Dr Sunil Kumar, Senior Lecturer updates on Fiji Economy.
It is the private sector initiatives and private citizens of the country that create economy, said Dr Sunil Kumar, Senior Lecturer at The University of the South Pacific’s (USP) School of Economics.
Dr Kumar shared this message during Day 2 of the 2017 Pacific Update Conference on 21 June at Japan-Pacific ICT Multipurpose Theatre, Laucala Campus.
He talked about the Fijian economy, highlighting its Gross Domestic Product (GDP) growth trends and prospects, an analysis of the economic sectors, some challenges for the economy and provided some policy remarks.
He also argued on the policy gaps, what the data reflects and how these sectors could be made better.

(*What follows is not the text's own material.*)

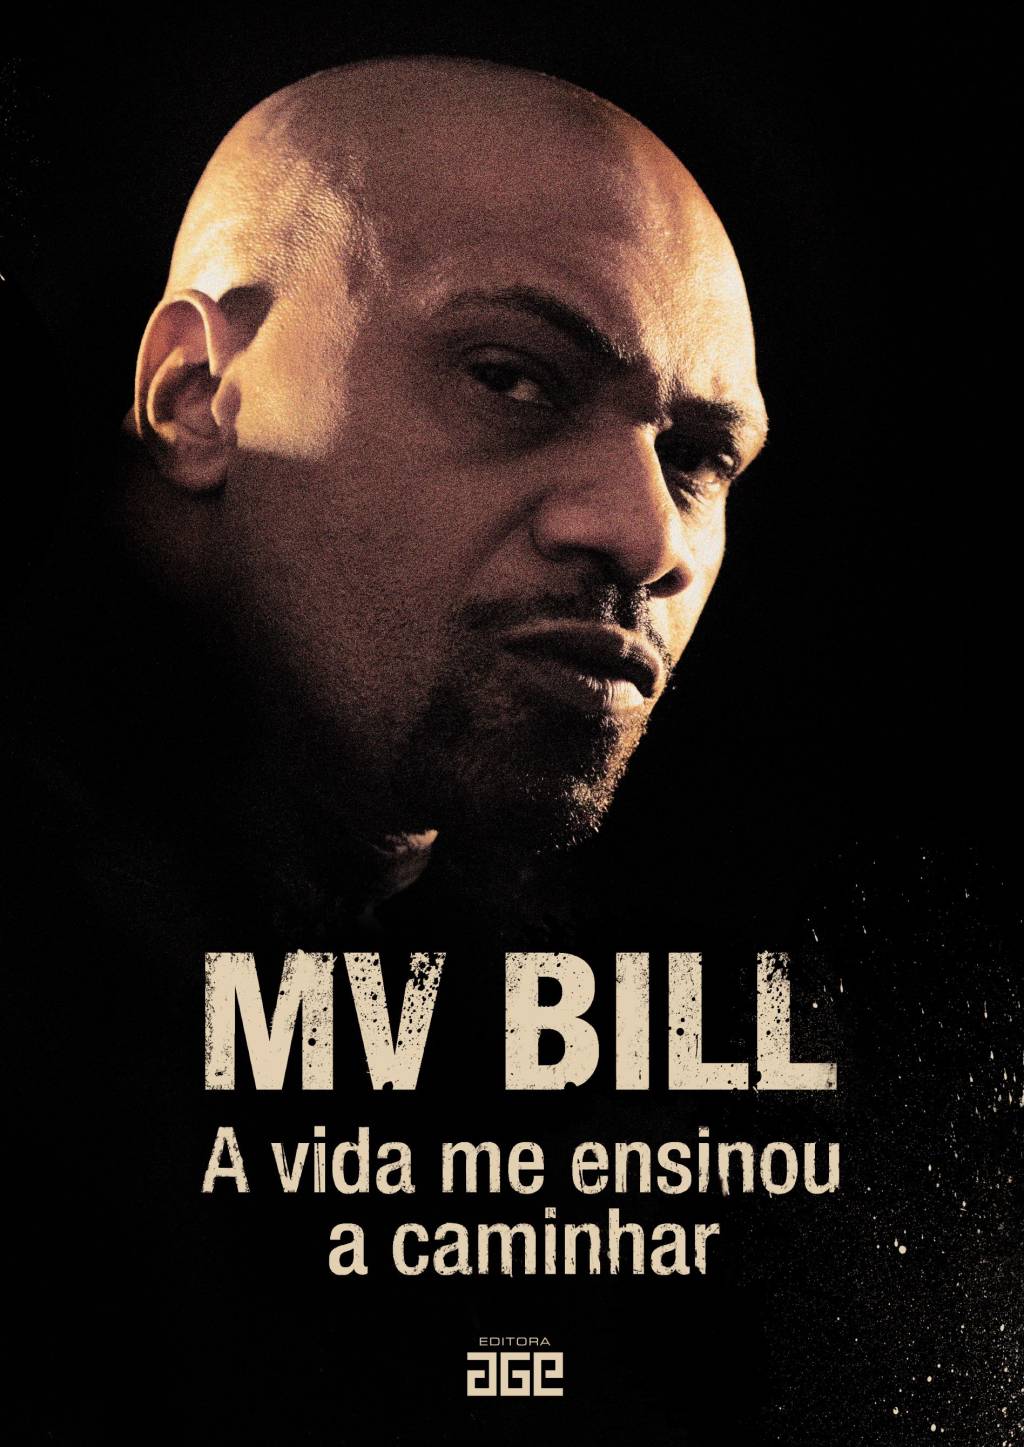 Capa do livro 'A Vida me Ensinou a Caminhar', do rapper carioca MV Bill.

Talking about the Fijian economy’s growth, Dr Kumar said that it is subdued at the moment partly due to Cyclone Winston last year, particularly in the the agricultural sector.
“But there are other sectors that are growing and tourism is one of them. Other sectors which are also growing need some kind of policy approach to make them work better,” Dr Kumar said.
According to Dr Kumar, one of the major challenges faced by the Fijian economy is in the labour market where there are a number of productivity issues.
Dr Kumar is optimistic about the country’s economy. However, he stated that there are policy gaps that need to be addressed and if that is done well throughout, it requires a lot of interaction and discussions.
“We need experts to come together and discuss some of the policy matters to take much of our productive sectors forward,” he emphasised.
Dr Rup Singh, during his presentation at the Pacific Update 2017.
Another Senior Lecturer from the University, Dr Rup Singh presented on Urbanisation and Sustainable Development in Fiji and stressed that urbanisation is an area of research which has sought growing interest from geographers, socialists and economists, because, he added, it is something real and happening on a day to day basis around us.
There is a complete shift of thinking in terms of how we view urbanization, growth and development now compared to what we used to do in the past and this, he said, has excited mainstream economists.
Dr Singh explained that that traditional literature endorses problems of urbanisation including, crime, traffic congestion, contagious disease and escalating housing costs but now it is seen as a window of opportunity for growth.
“Urbanisation is very closely related to growth and development because of the impact of agglomeration, scale – effects of large population, knowledge spill-over, creative and smart cities,” Dr Singh said.
In Fiji, he highlighted, there is some scope for city expansion particularly in terms of ‘vertical expansion’.
The current concentration of urbanisation in Fiji is at a rate of 54 per cent (54%)
Some of the things that will drive development are: long-term infrastructure development and creation of extended/new and smart cities; political improvements in good governance; appropriate policies and sound implementation to incubate medium and small enterprises; creativity and innovation; and the need to harness this change.